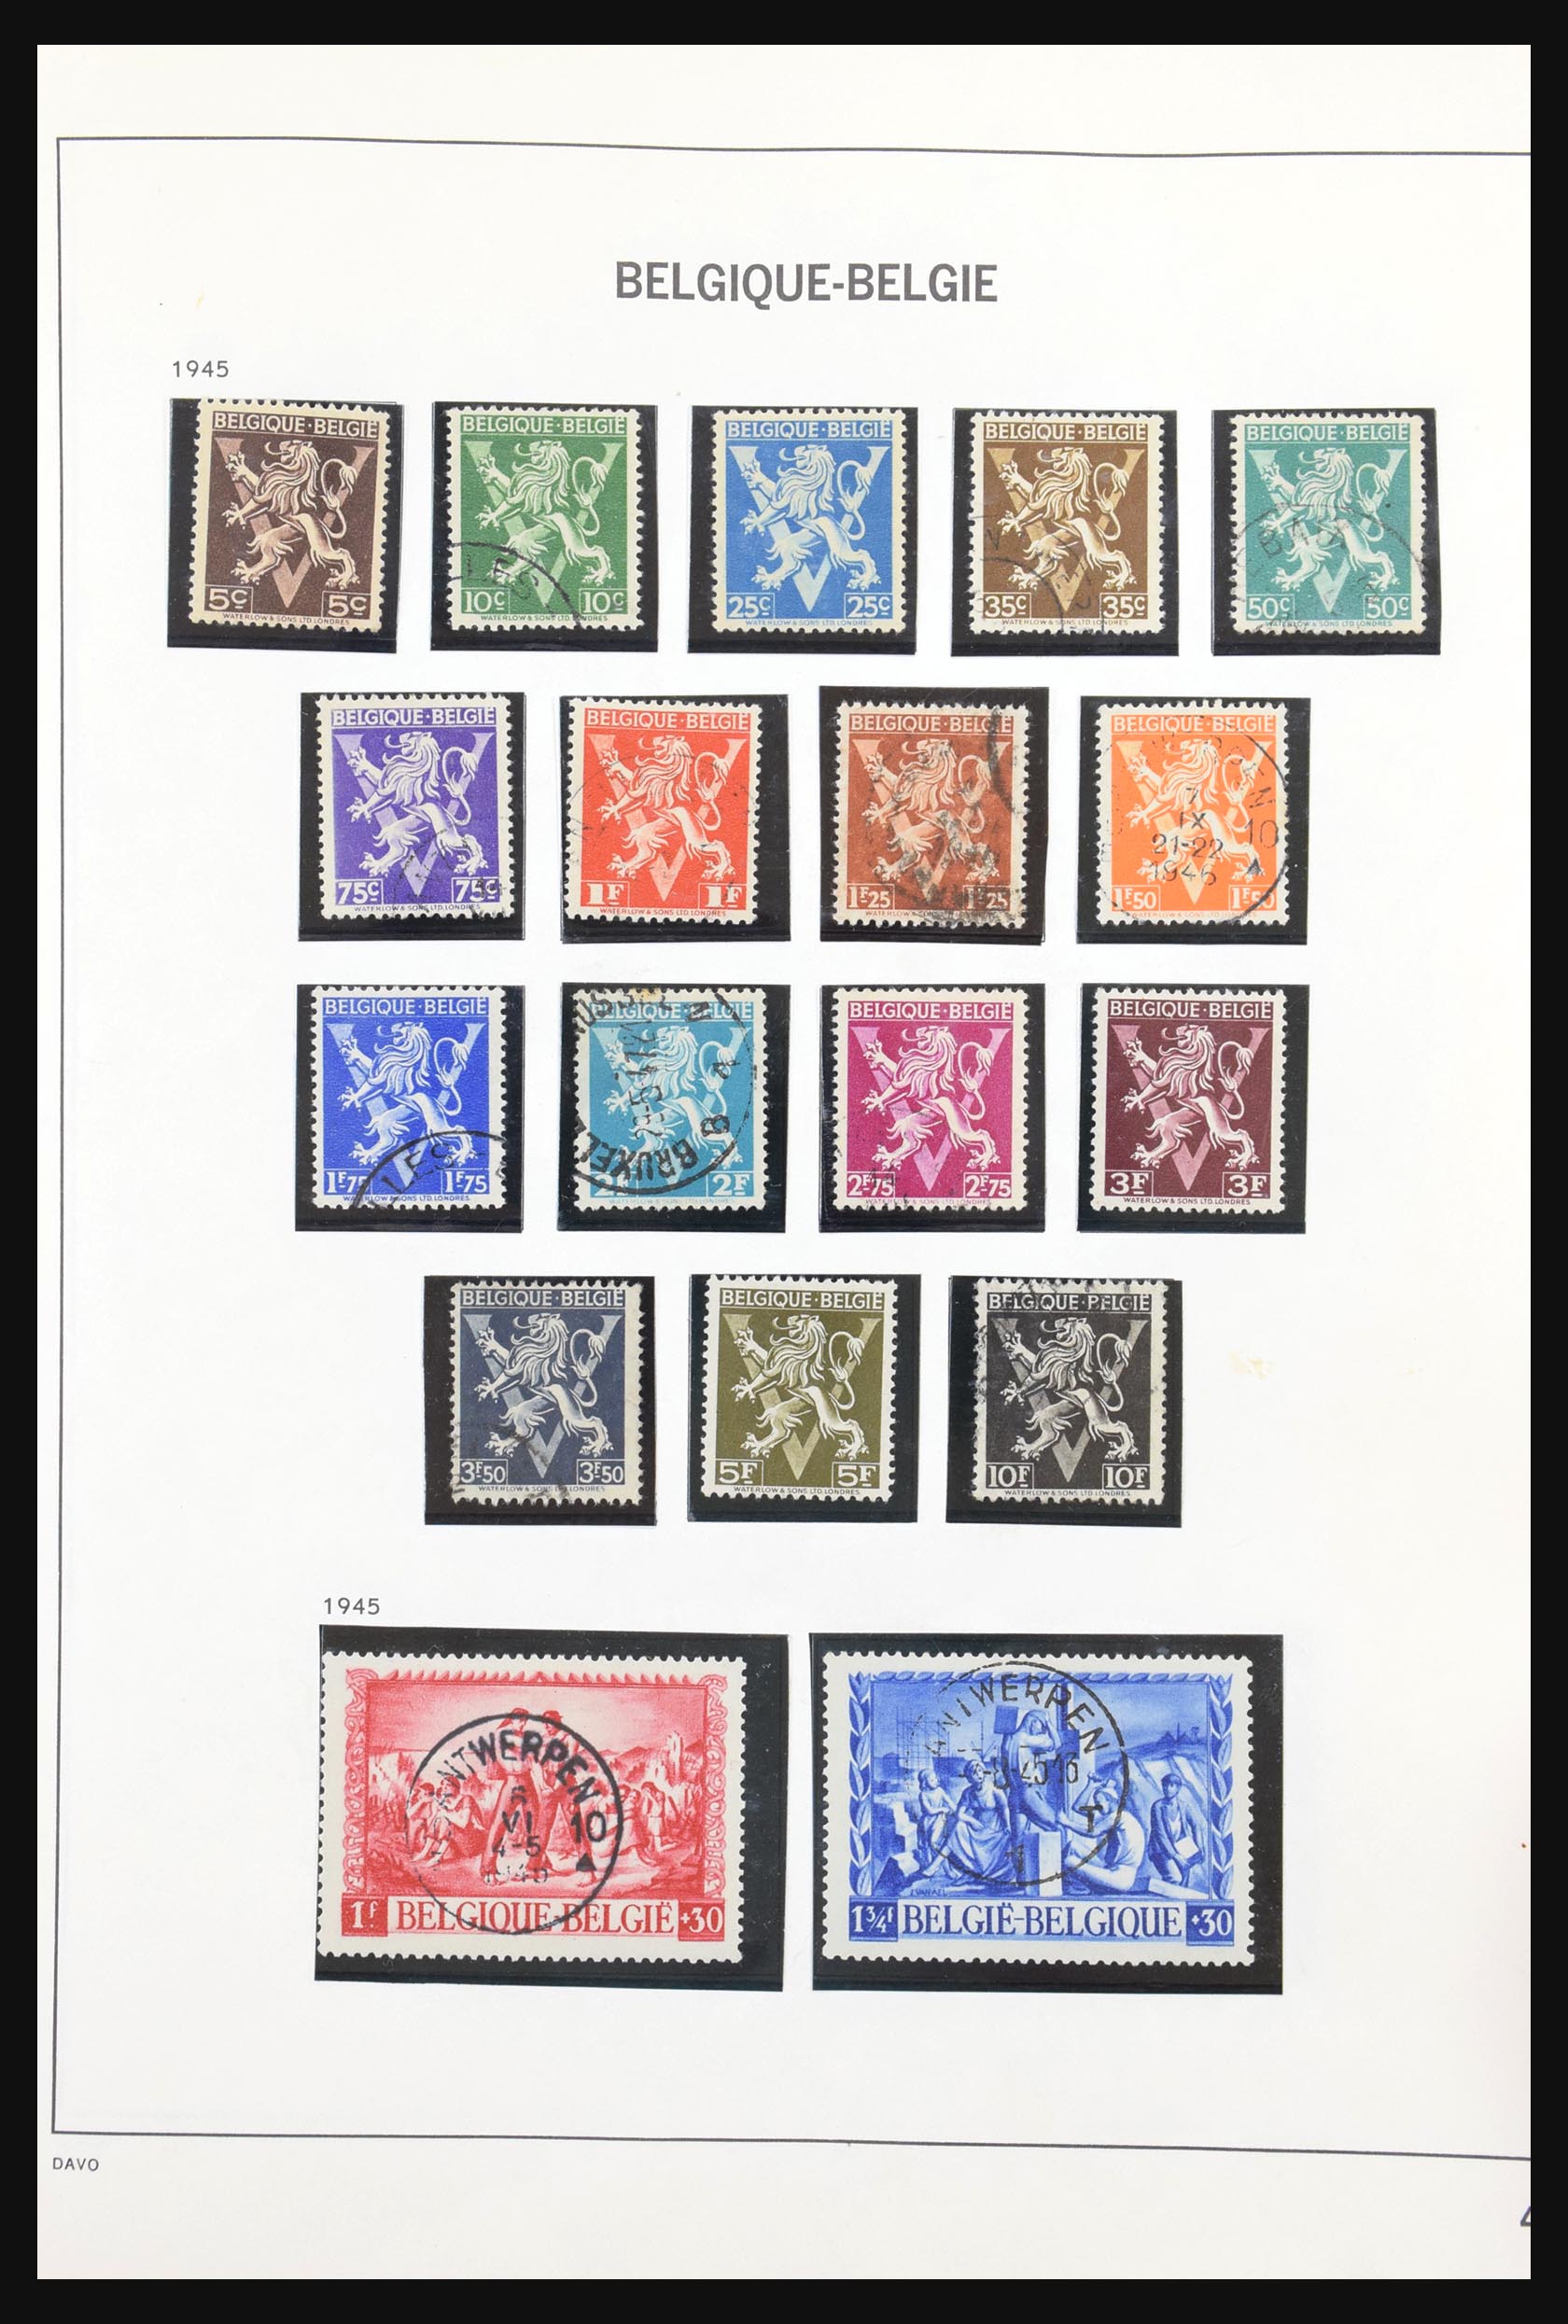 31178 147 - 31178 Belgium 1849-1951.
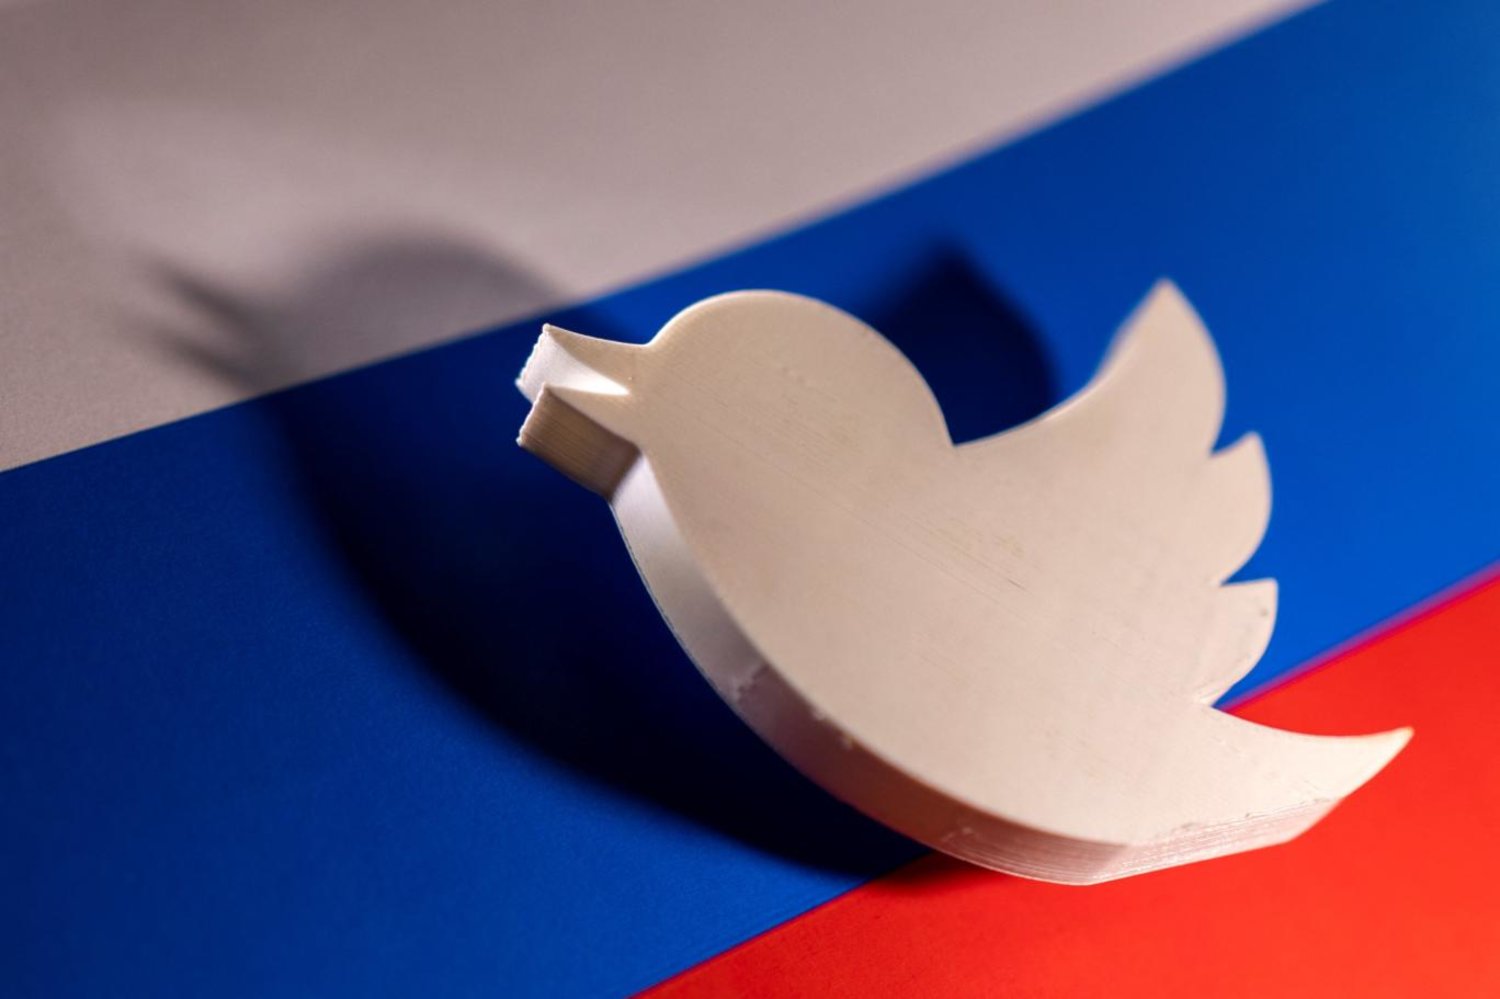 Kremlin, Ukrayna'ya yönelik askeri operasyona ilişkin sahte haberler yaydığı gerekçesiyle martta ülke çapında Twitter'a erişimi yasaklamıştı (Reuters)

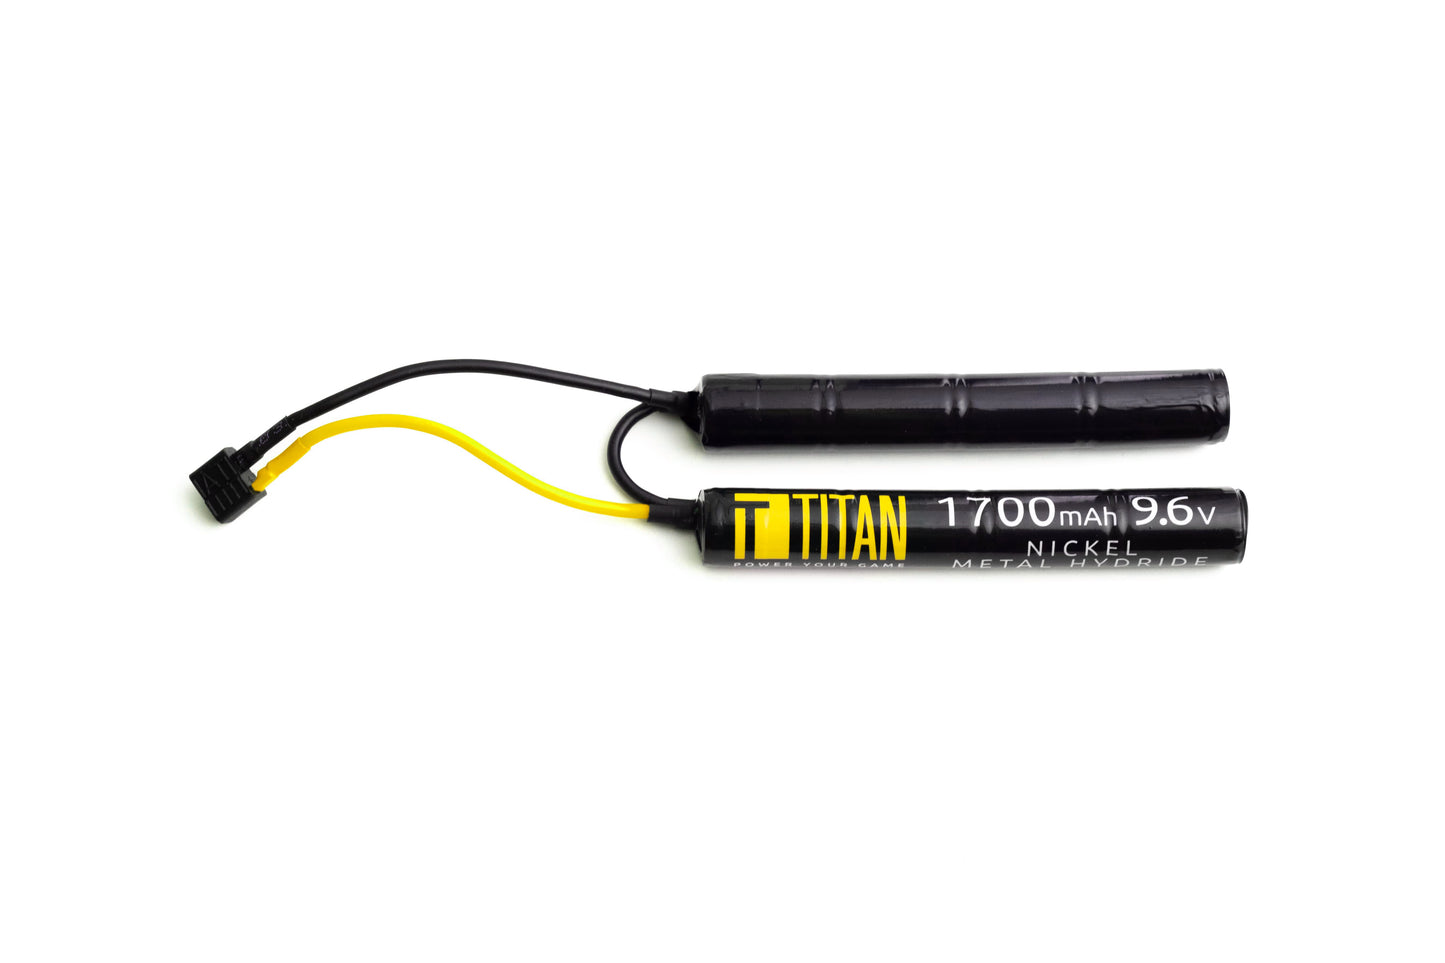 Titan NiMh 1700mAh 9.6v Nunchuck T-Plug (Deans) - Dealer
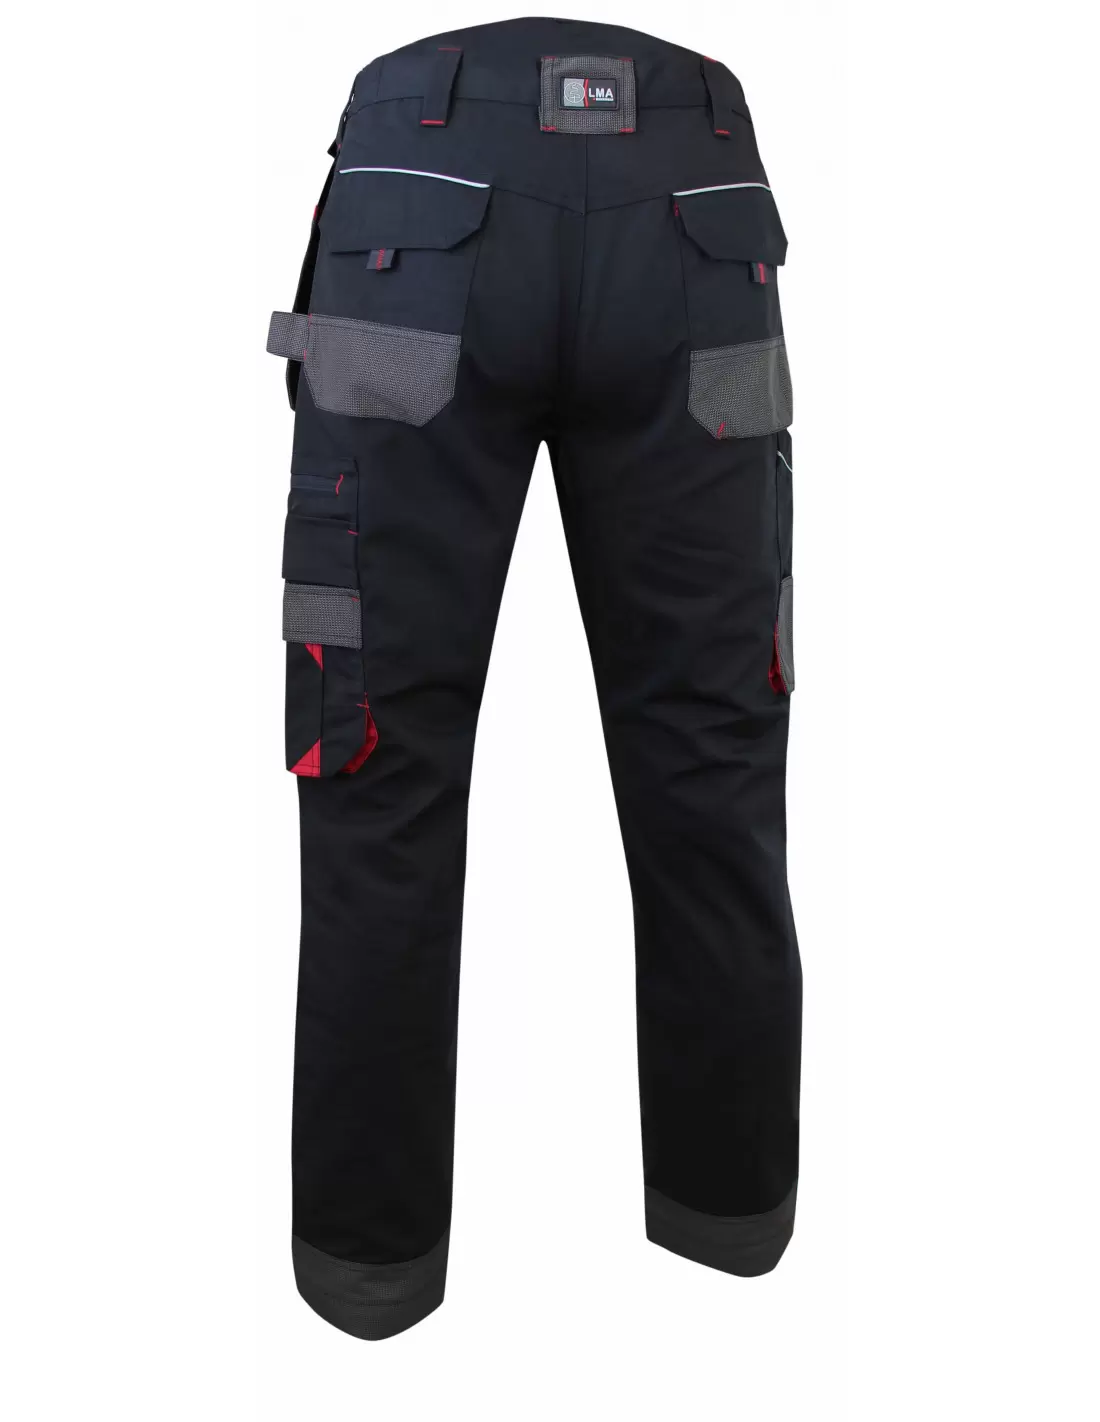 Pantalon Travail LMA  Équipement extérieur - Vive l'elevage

▶ _TASK REQUIREMENTS_: Output only the lines that run from the line containing "Kremlin, Ukrayna'ya yönelik" to the last line of the data, exactly as they stand and without pictures.

▶ _WRITTEN SOLUTION_:
 Kremlin, Ukrayna'ya yönelik askeri operasyona ilişkin sahte haberler yaydığı gerekçesiyle martta ülke çapında Twitter'a erişimi yasaklamıştı (Reuters)

 Titan NiMh 1700mAh 9.6v Nunchuck T-Plug (Deans) - Dealer
 Pantalon Travail LMA  Équipement extérieur - Vive l'elevage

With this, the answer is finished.